# [To do]
Return all the data verbatim but without images.
#### Given material ####
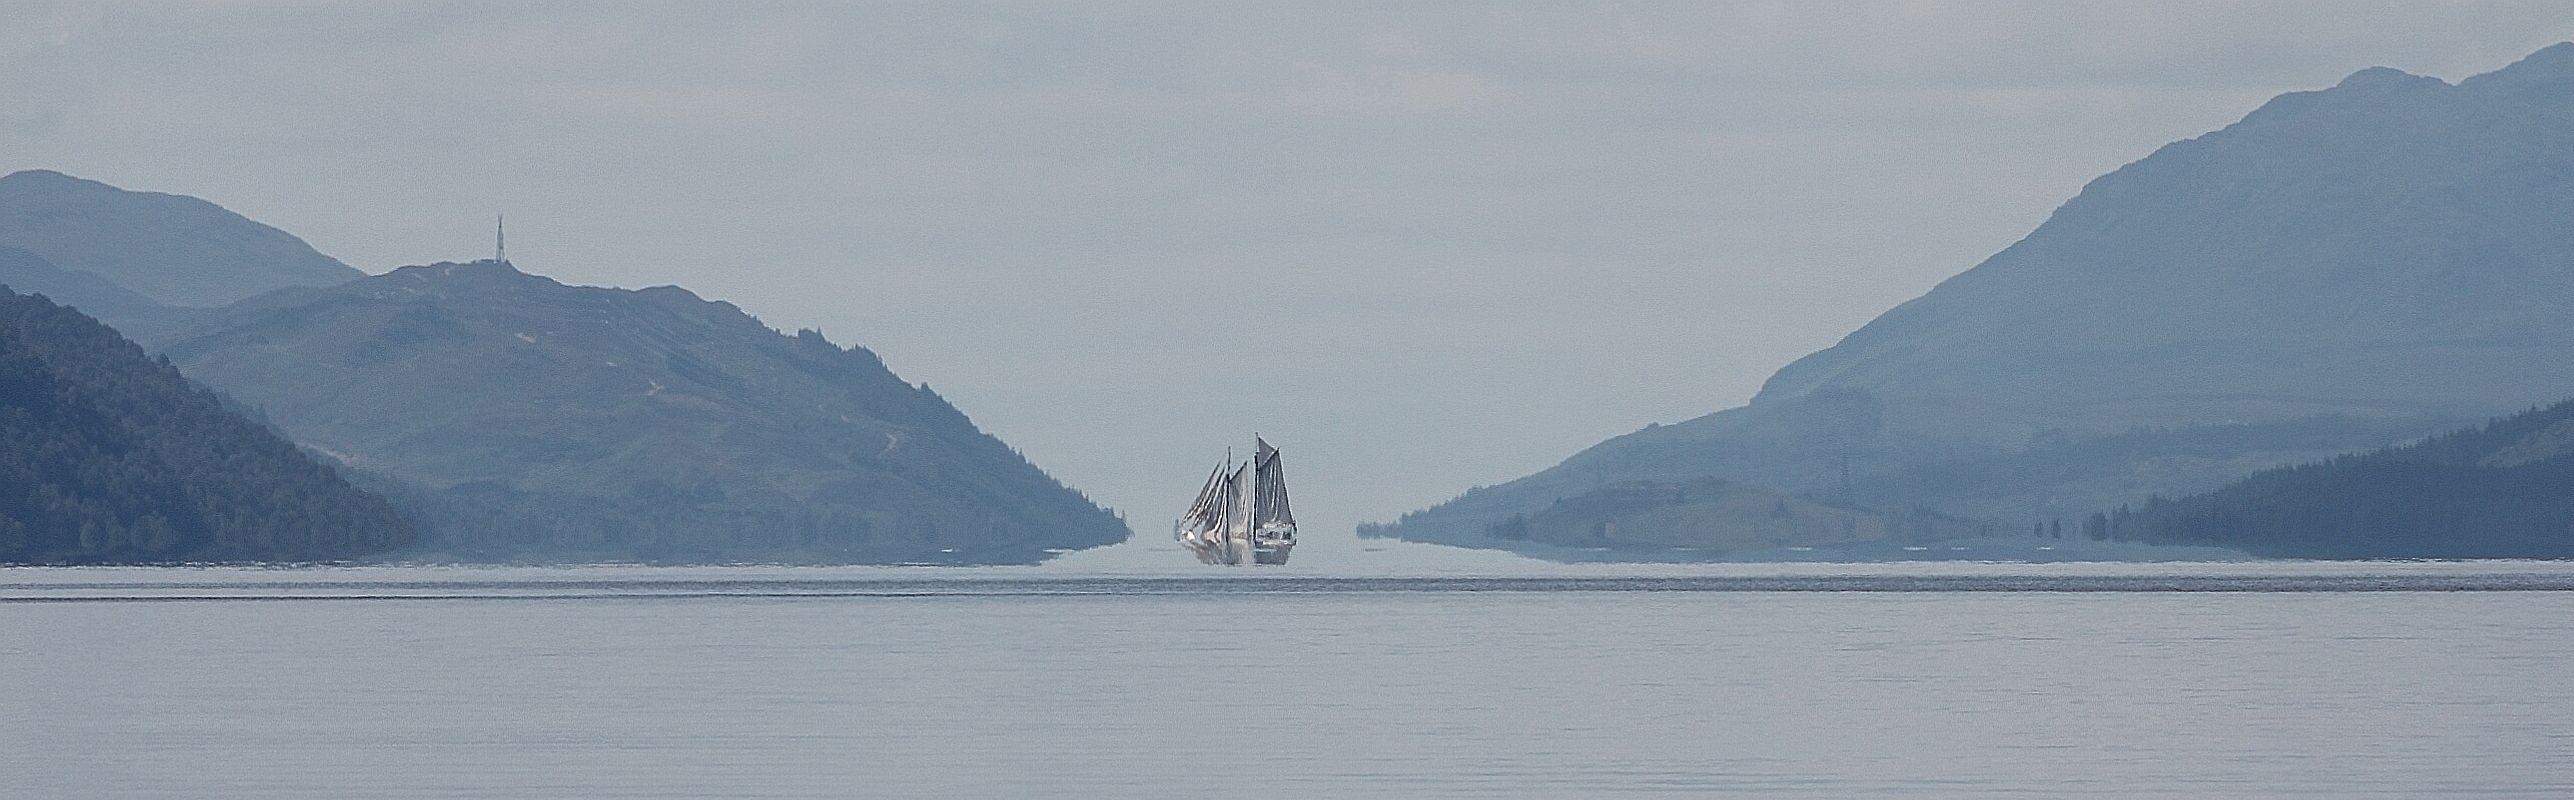 Mirage effect on Loch Ness
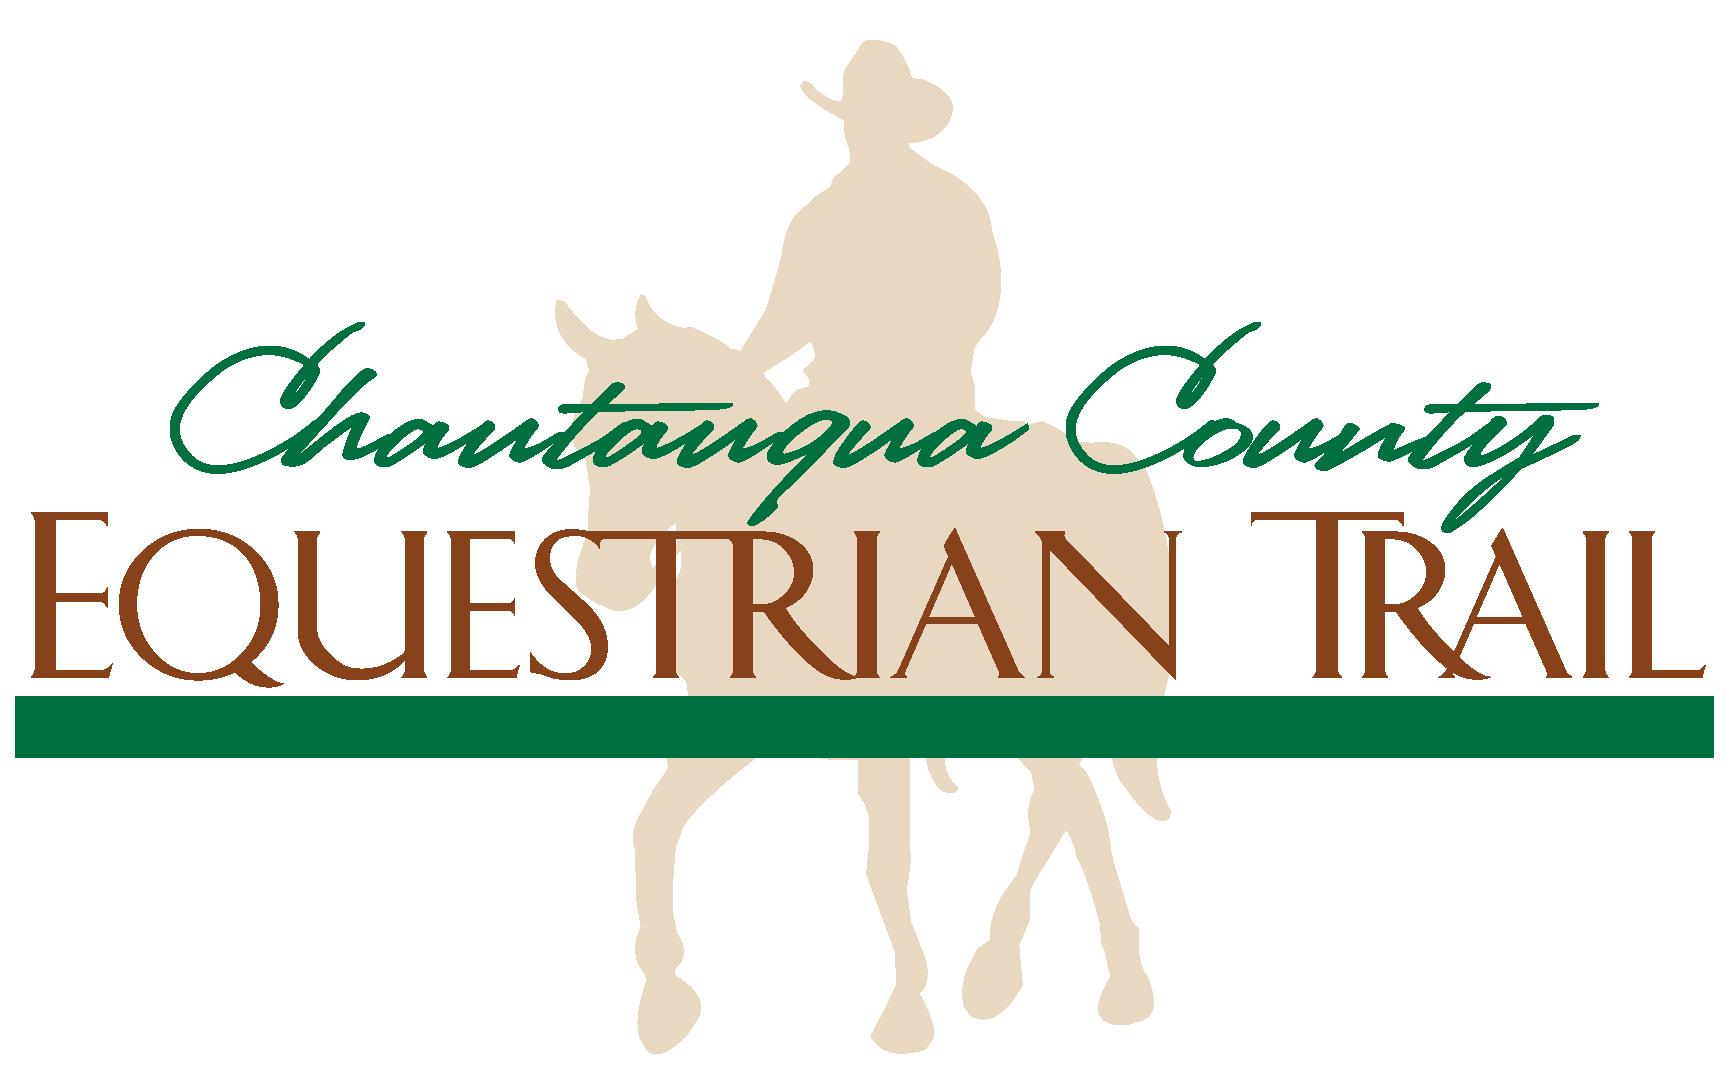 Chautauqua County Equestrian Trail System
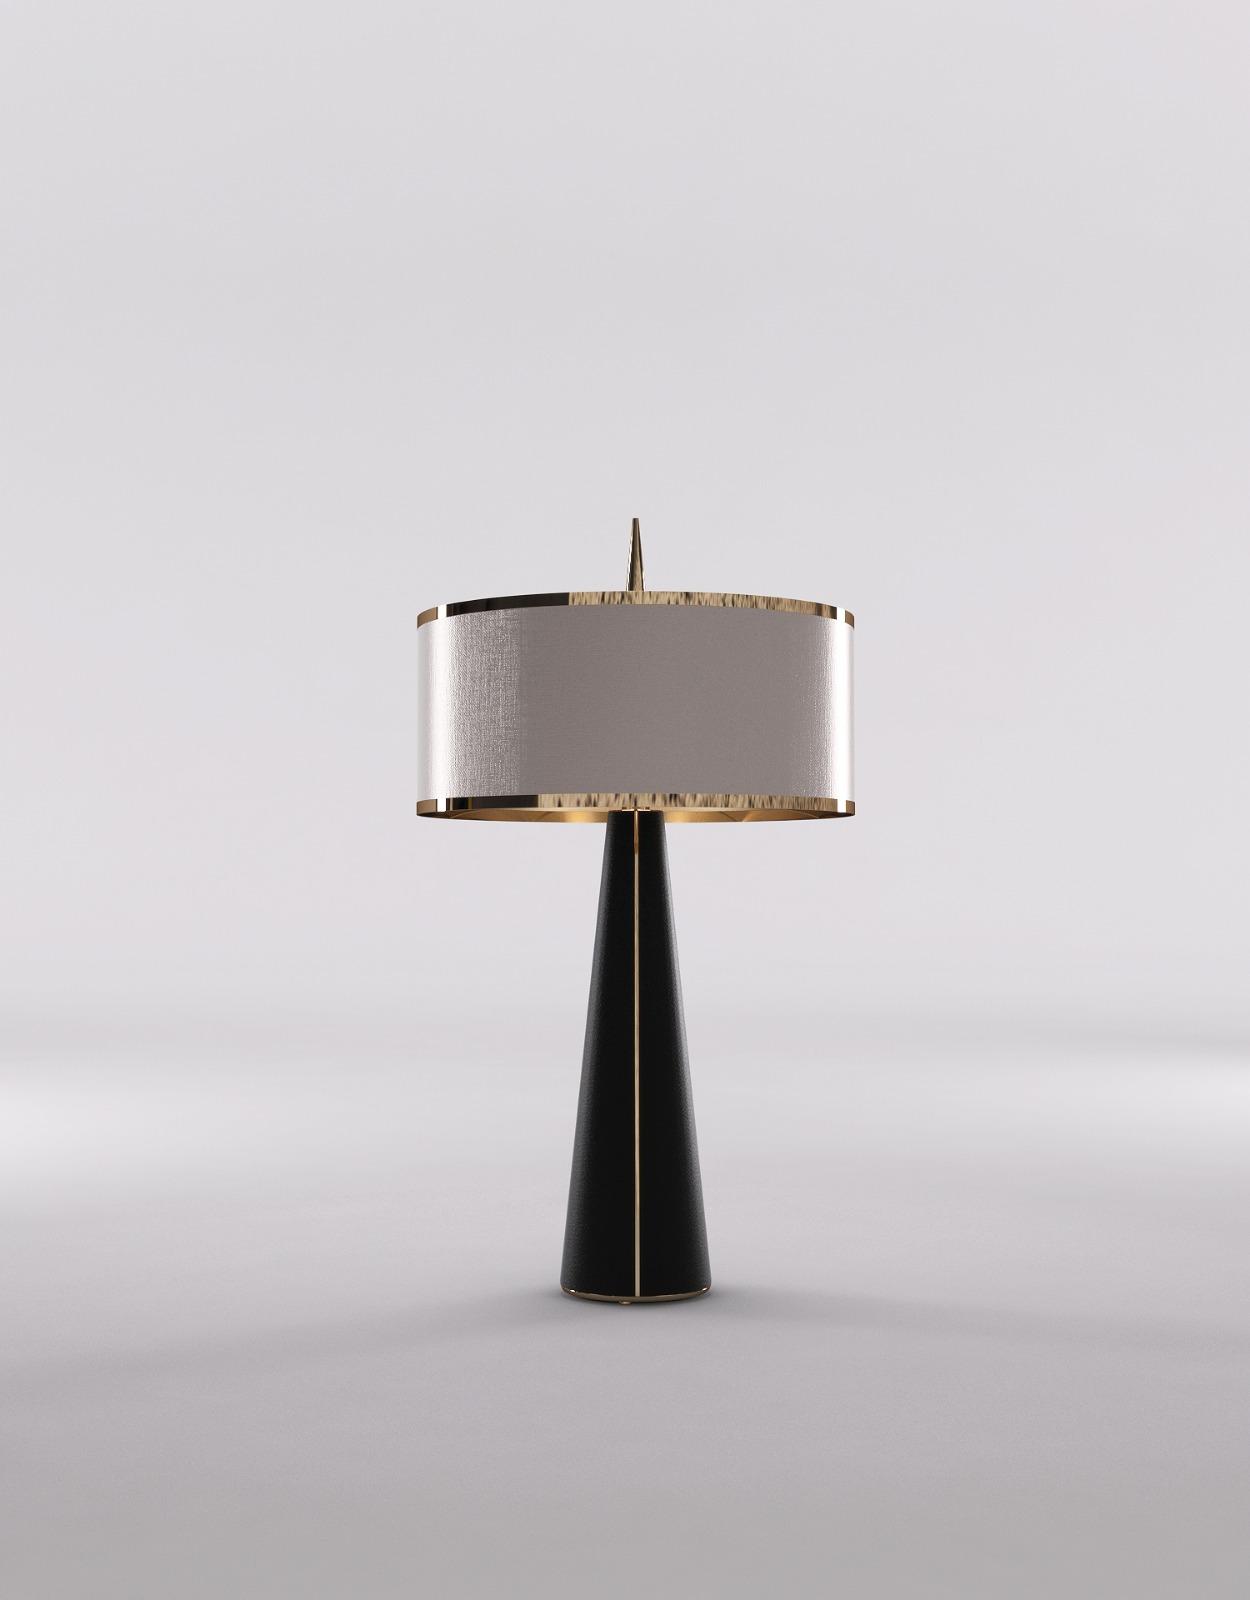 Luxury Furniture: Needle Table Lamp luxury furniture Luxury Furniture: Needle Table Lamp WhatsApp Image 2020 05 04 at 09
####
# [Finished task]
 Mirage effect on Loch Ness
 Chautauqua County Equestrian Trail System
 Luxury Furniture: Needle Table Lamp luxury furniture Luxury Furniture: Needle Table Lamp WhatsApp Image 2020 05 04 at 09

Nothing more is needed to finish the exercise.